The code ran three memory-leak scenarios: (1) properly deleted tensors each iteration, (2) accumulated tensor references in a list without deleting them, (3) broke the computational graph using .detach() so tensors could be freed. On GPU, you'd see memory growth in scenario 2 but flat memory in scenarios 1 and 3. On CPU, the code runs but illustrates the patterns: you'd see actual byte counts on CUDA devices.
Common gotcha
The biggest mistake is confusing peak memory allocation with current memory leaks. A tensor allocated in iteration 1 that's properly deleted in iteration 1 doesn't cause a leak, but max_memory_allocated() still counts it. You must compare memory before and after a loop, or use memory_allocated() - memory_reserved() to catch real leaks. Also, torch.cuda.empty_cache() doesn't free memory from live tensors: only truly unreferenced memory.
Error recovery
RuntimeError: CUDA out of memoryAttributeError: 'NoneType' has no attribute '_*'Memory climbs but no obvious tensor storageExperienced dev note
In real production training, the sneakiest leaks come from validation loops where you accidentally keep a list of loss values (each holding a computational graph) or from logging hooks that capture intermediate activations. The pattern is: if you're appending to a list or dict in a loop, and those values contain tensors with requires_grad=True or are part of a graph, you're almost certainly leaking. Use .item() to extract scalars, or .detach() before storing. Also, profilers like PyTorch's built-in profiler (torch.profiler) show memory peaks but not accumulation: memory_allocated() is your actual debugging tool.
Check your understanding
You have a training loop that runs for 100 epochs, and you notice GPU memory climbs from 6GB at epoch 1 to 11GB at epoch 50, even though your batch size is fixed. The memory stabilizes at 11GB for epochs 50–100. Is this a memory leak, and what's the evidence?
Show answer hint
A real leak would climb every epoch.
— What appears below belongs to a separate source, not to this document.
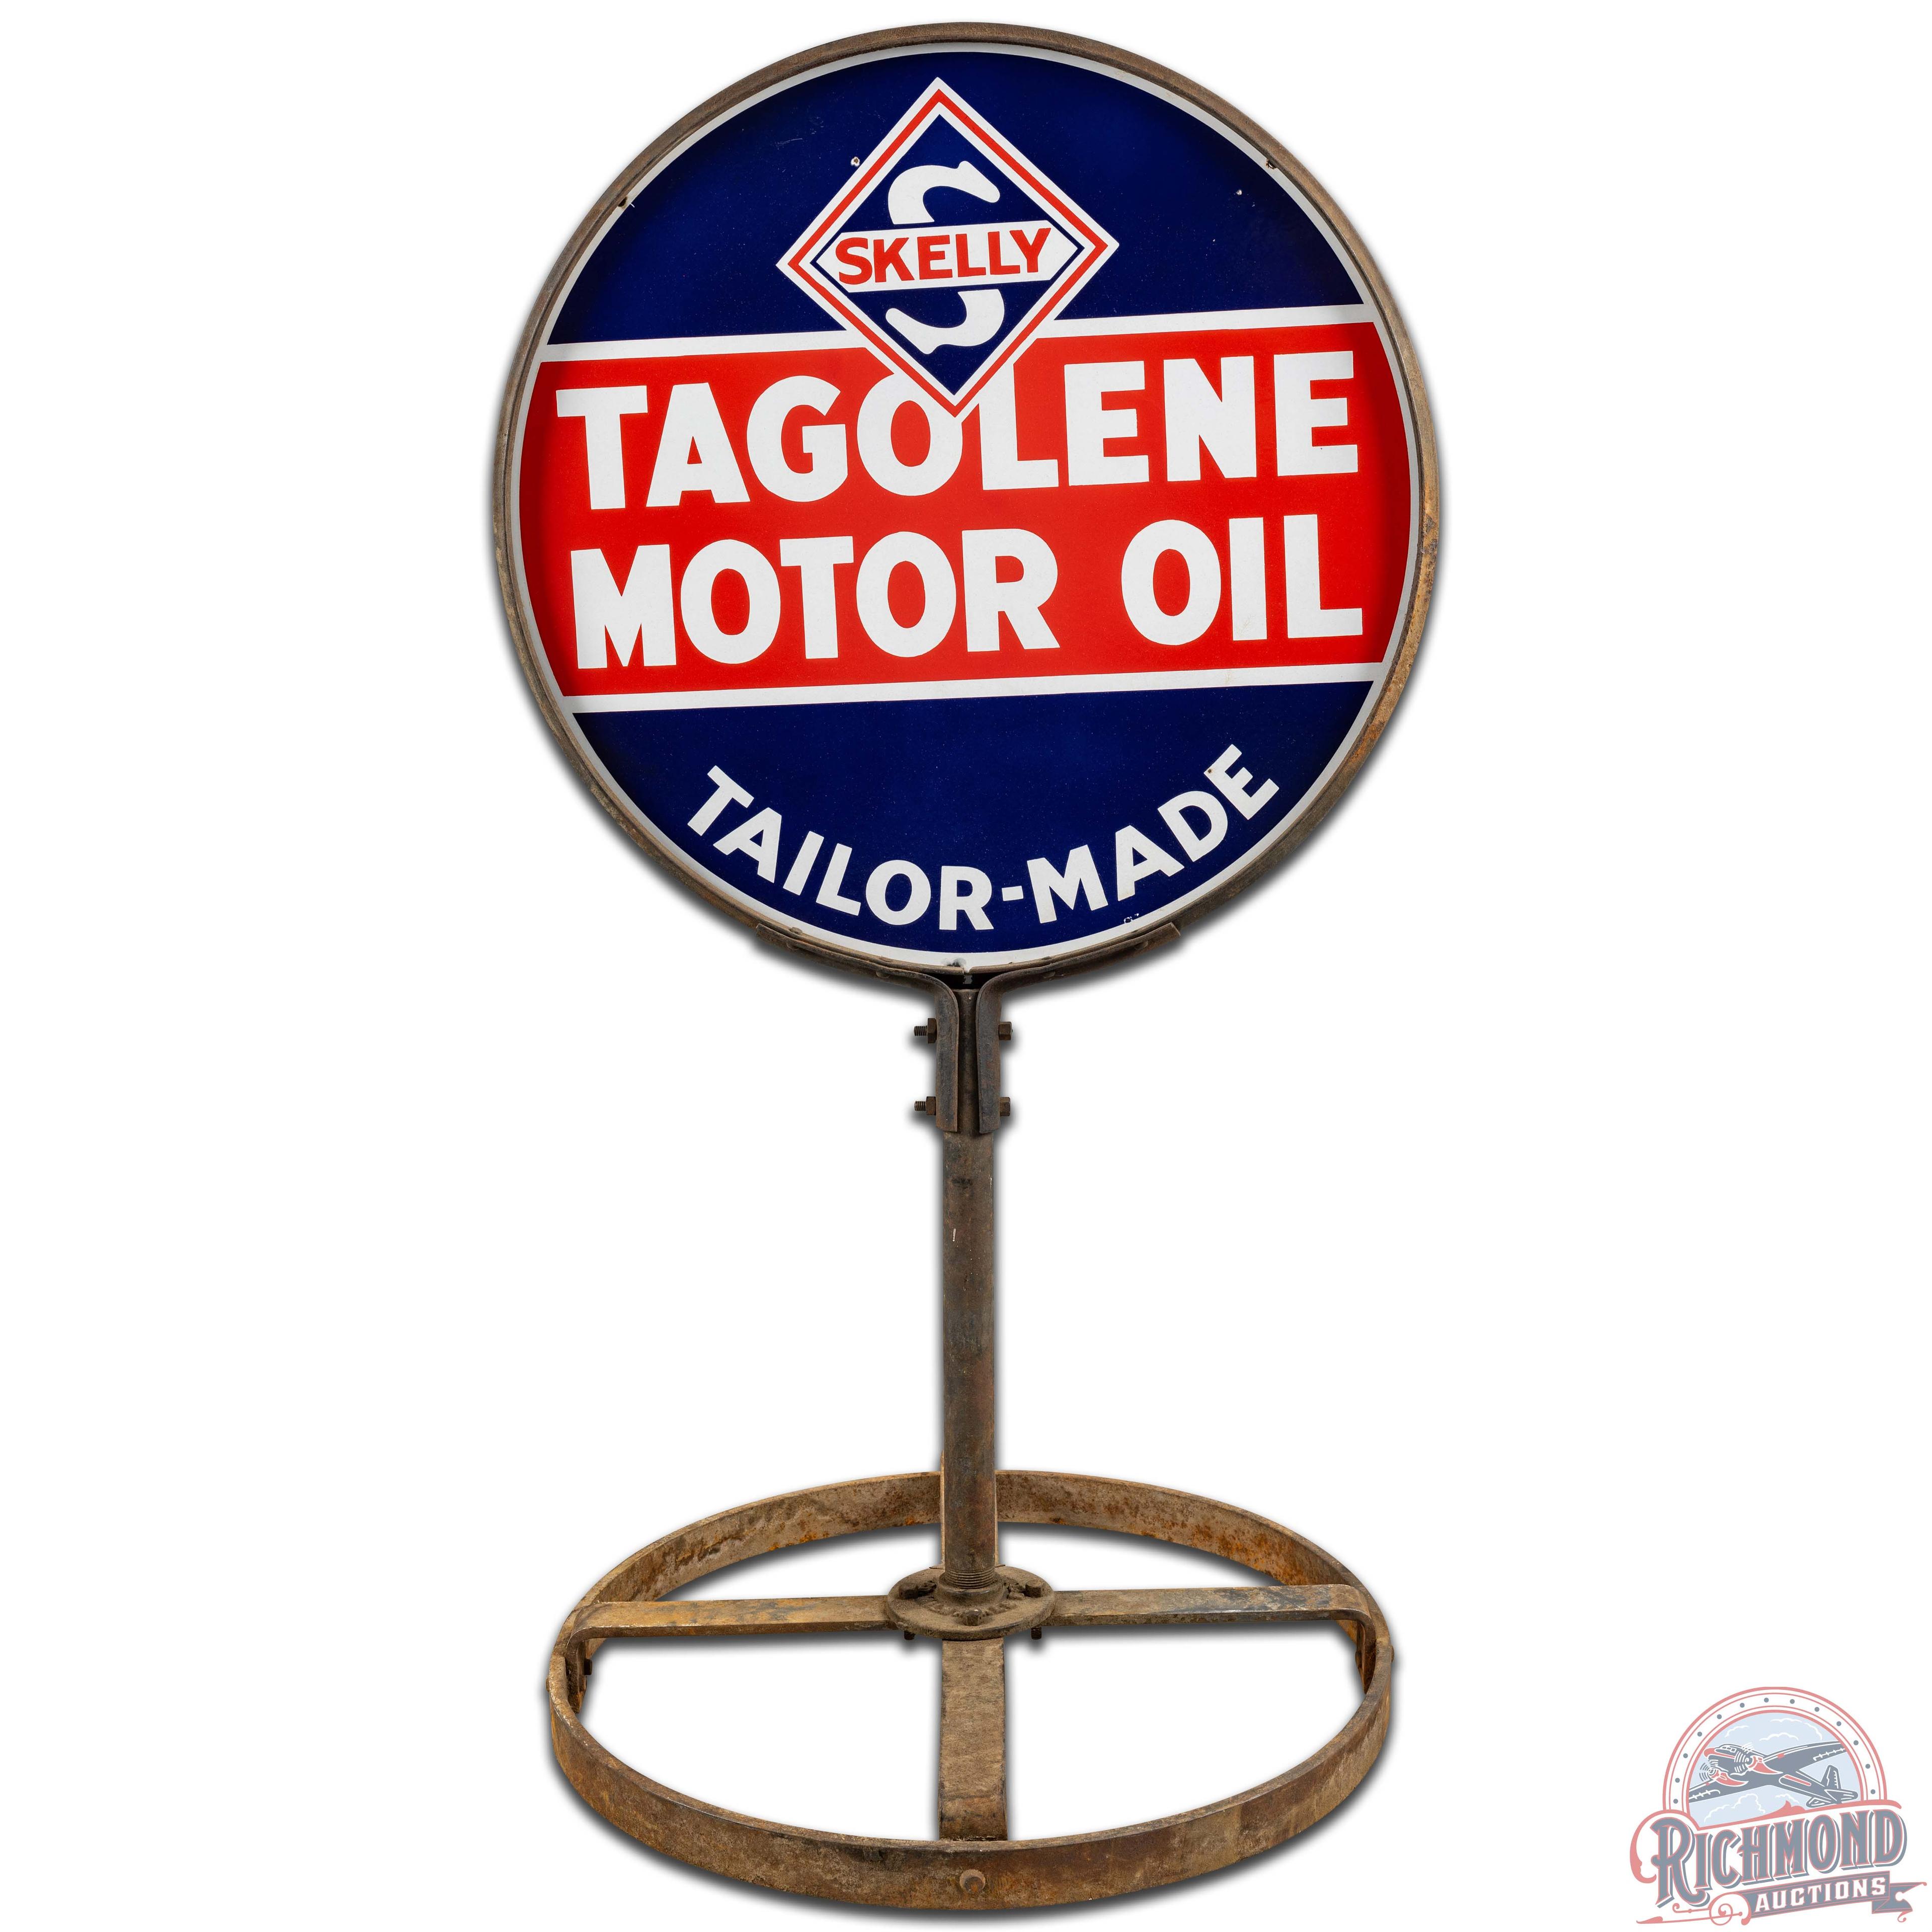 Skelly Tagolene Motor Oil 30" DS Porcelain Curb Sign

Stabilizing memory suggests the initial climb was legitimate (model initialization, caching, graph building) but doesn't leak further. Check if memory growth happens only in the first few epochs or continuously. The evidence is running the same loop again and seeing if memory climbs from 11GB to 16GB: if it does, it's leaking; if it stays at 11GB, it's not.